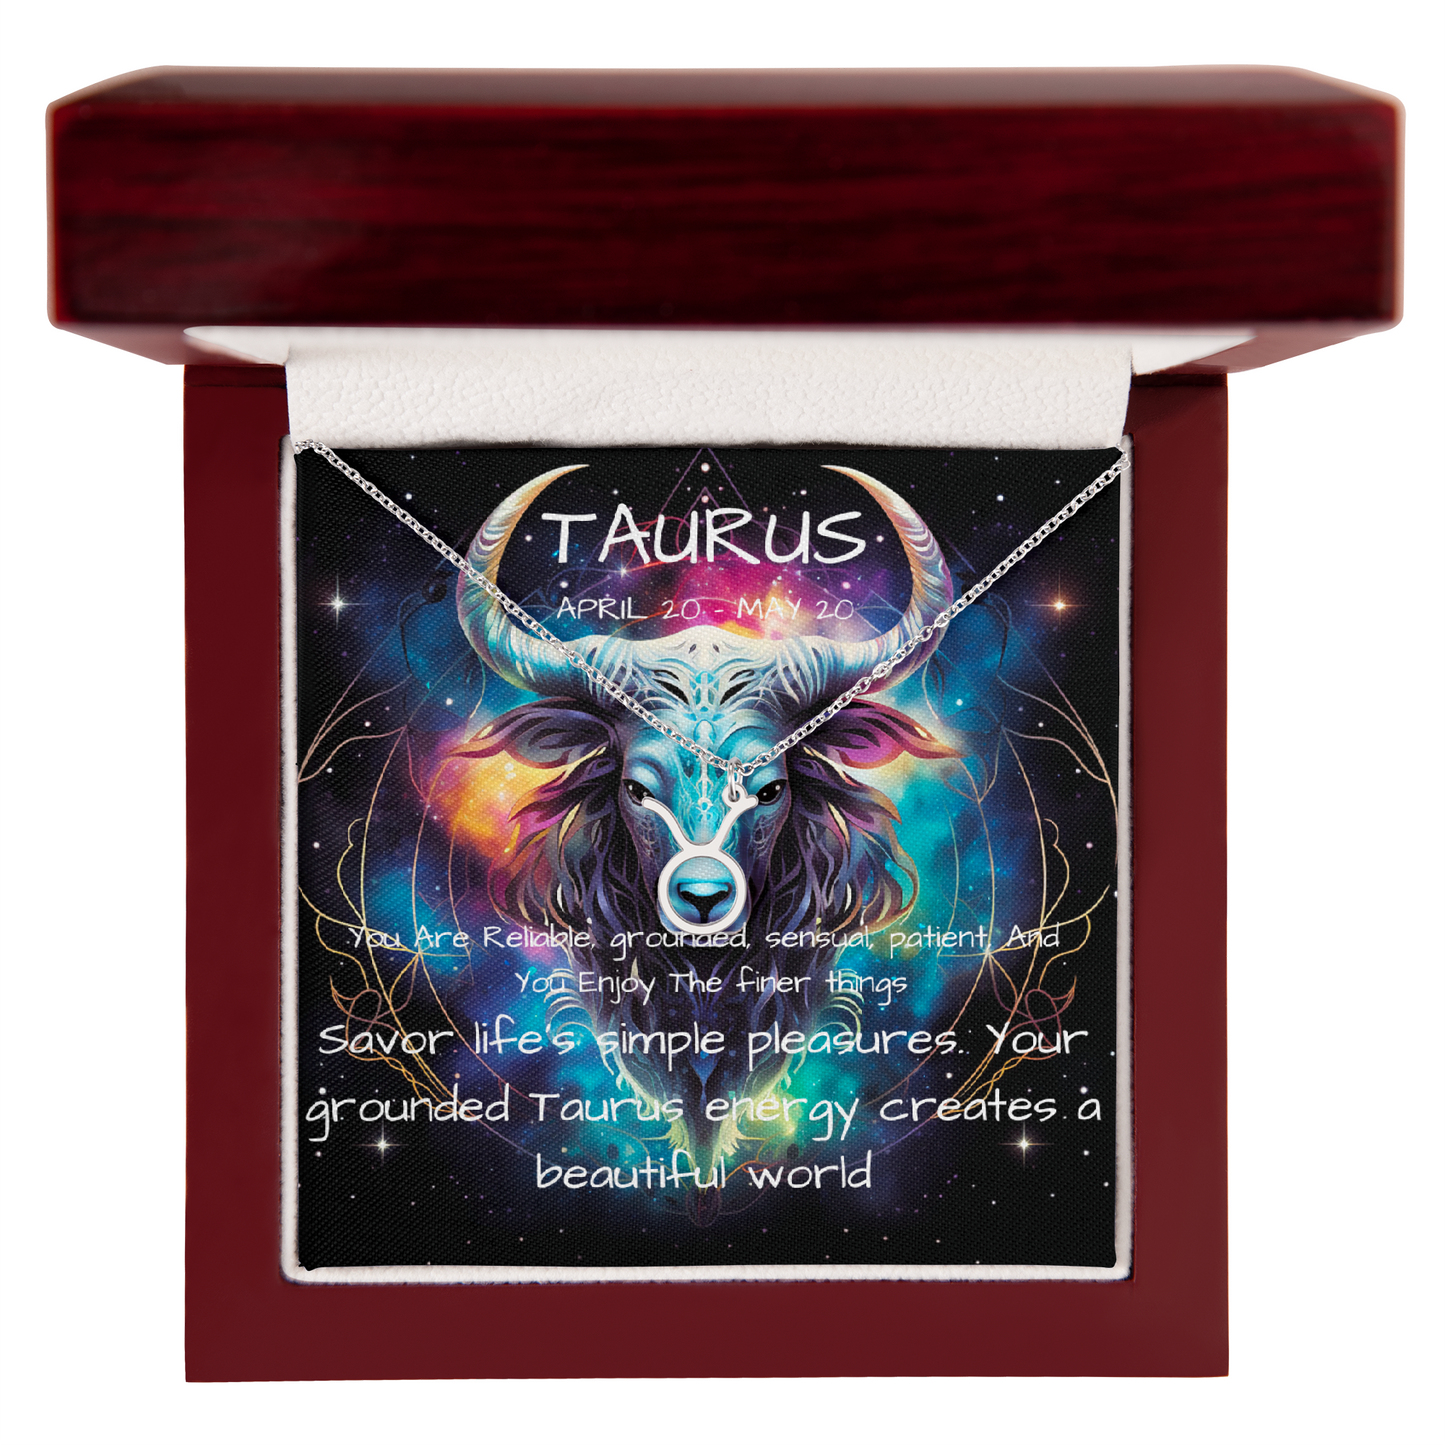 Taurus pendant necklace luxury box silver
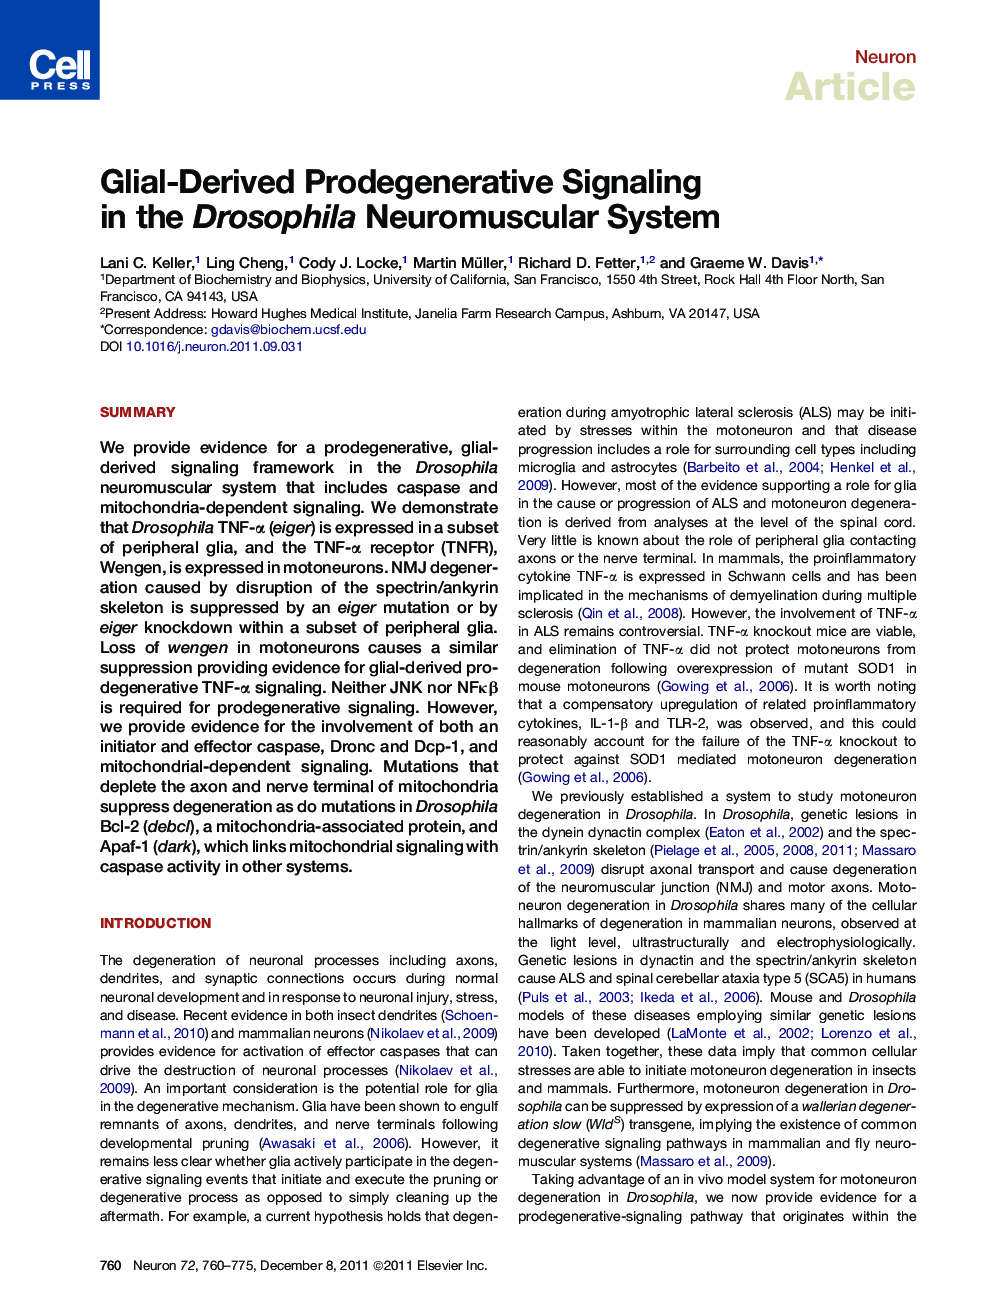 Glial-Derived Prodegenerative Signaling in the Drosophila Neuromuscular System
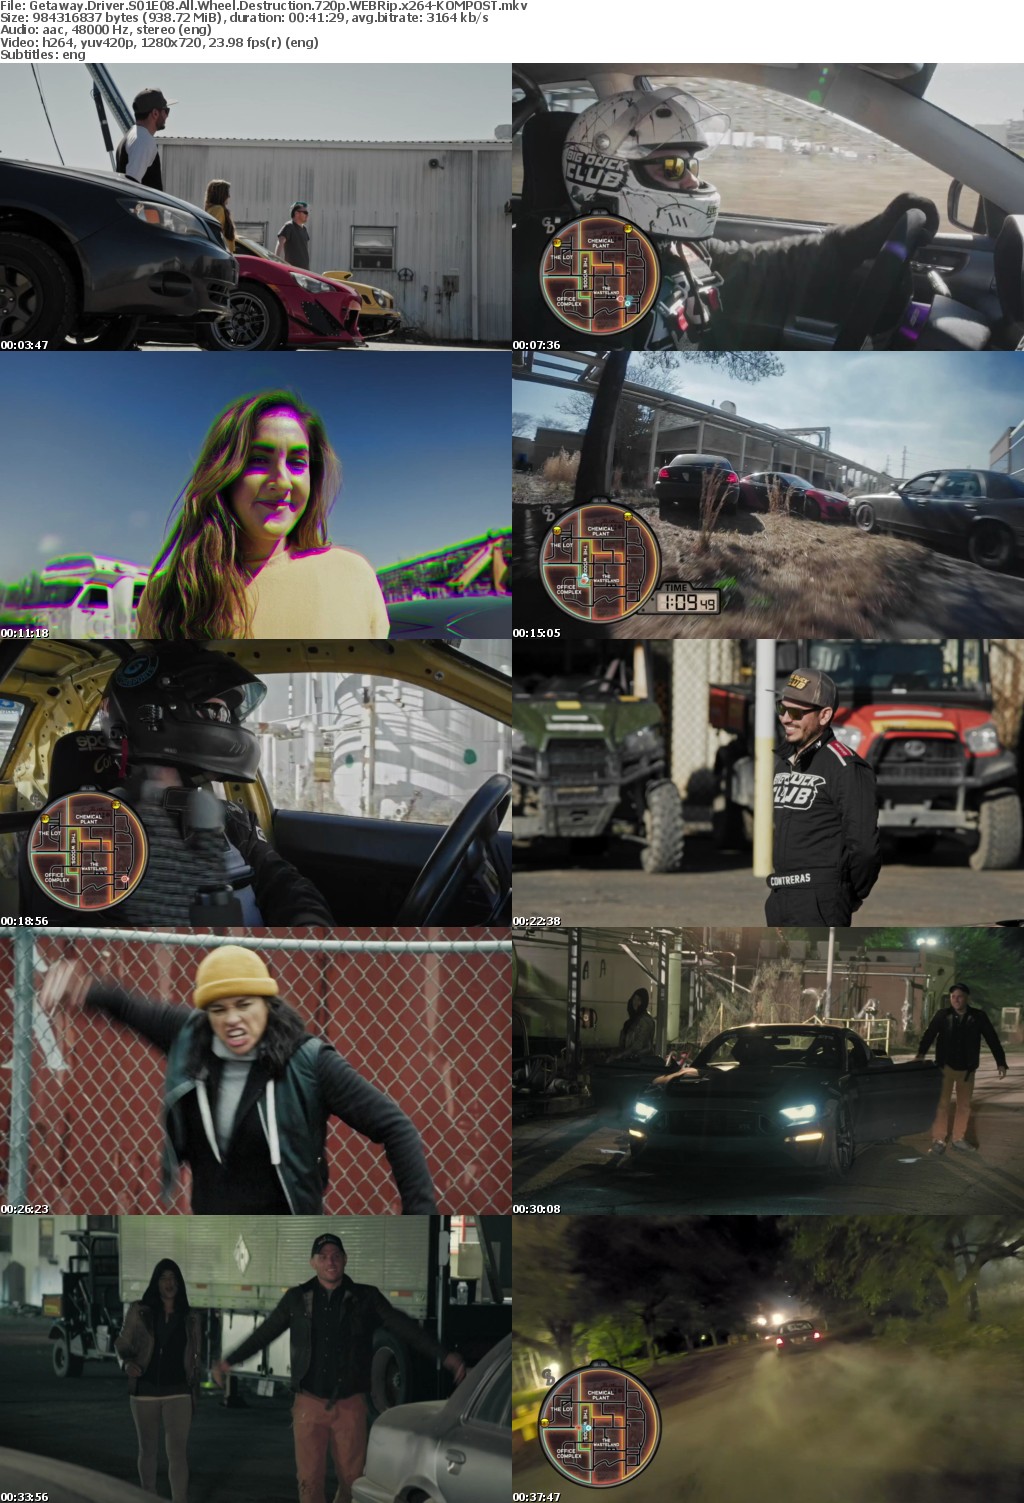 Getaway Driver S01E08 All Wheel Destruction 720p WEBRip x264-KOMPOST

▸ **Problem requirements**:
Setting the pictures aside, return exactly the lines from the line with "Glial-Derived Prodegenerative Signaling" through the last line of the listing above.

▸ **Answer space**:
 Glial-Derived Prodegenerative Signaling in the Drosophila Neuromuscular System
 Getaway Driver S01E08 All Wheel Destruction 720p WEBRip x264-KOMPOST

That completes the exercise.